The problem isn't the video of the Blu-ray disc, it's the audio. Since the 9400m does not have audio over displayport (it's not disabled, it simply isn't there) the Mini cannot passthrough HD audio (the Mini's optical port can only passthrough compressed 5.1) and without a hardware audio decoder (which all set-top Blu-ray Disc players have for their analog audio ports) the Mac software has to extract the AC3 or DTS cores on the fly while also decoding the compressed video. This is an extremely cpu-intensive task and is what both Plex and XBMC do. My quad-core hackintosh can do this just fine, but it puts it under quite a bit of load.
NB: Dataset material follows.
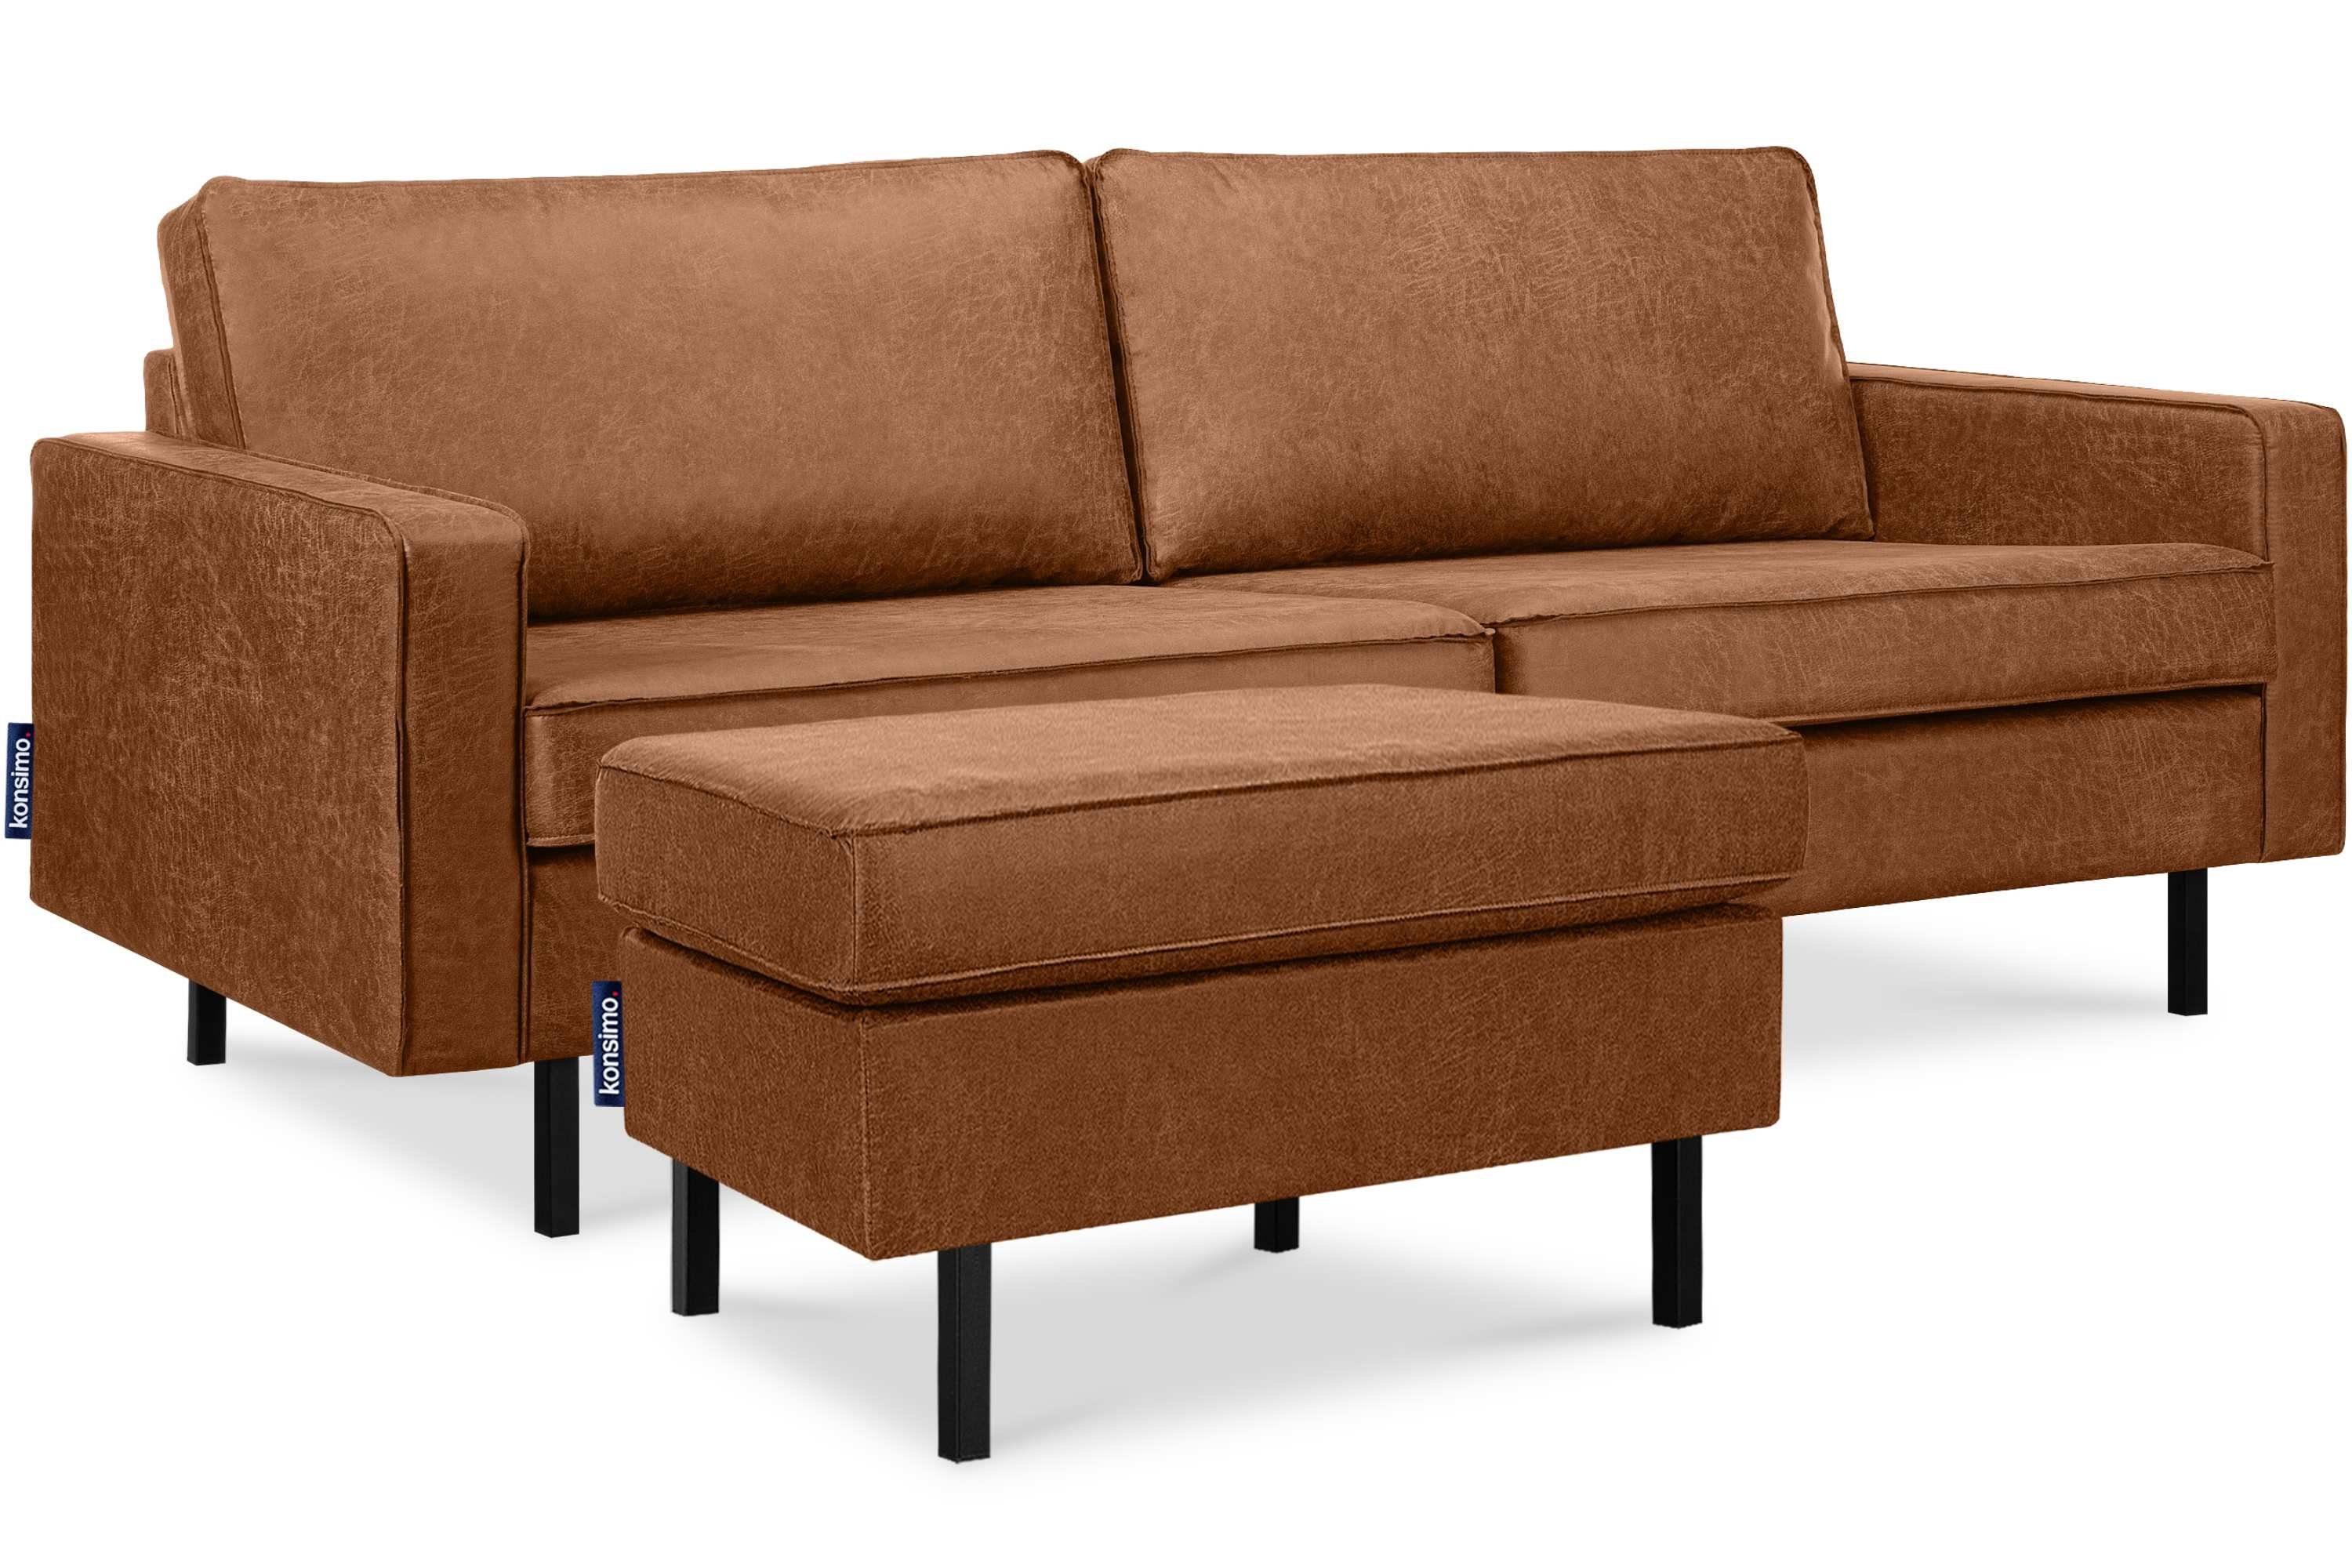 | Echtleder, rot Metallfüßen, Dreisitzer-Sofa, rot | hohen Konsimo auf EU in INVIA Hergestellt 3-Sitzer Grundschicht: rot

If you have or plan to buy a receiver capable of HD audio (True-HD or DTS-HD) then you're better off getting a dedicated disc player (which of course obviates the convenience of a file-based HTPC system). I'm sure the next Mini revision will have audio over displayport (since the Mini is a repackaged MacBook - which just got audio over displayport); however, until the software (e.g., Plex, XBMC) catches up and can passthrough True-HD and DTS-HD AND you have a receiver capable of decoding those, then we'll still be in the same boat - the cpu requirement for extracting AC3 and DTS on the fly. Perhaps an i-series cpu (dual core, hyperthreading) could do it, but I couldn't say without trying one out.
For me, I'm now using Make MKV to repackage the video with AC3 or DTS cores in an mkv container. I've listened to both HD audio and compressed audio (i.e., AC3 or DTS) and my ears can't tell the difference. But I'm sure some people can. Every Blu-ray disc that I have has been rewrapped into mkv, ts or m2ts containers without transcoded video and with AC3 or DTS and my 2 gHz Core 2 Duo Mini plays all of them with only a few dropped frames at the very beginning of playback using Plex. Plus, those repackaged files are several gigabytes smaller.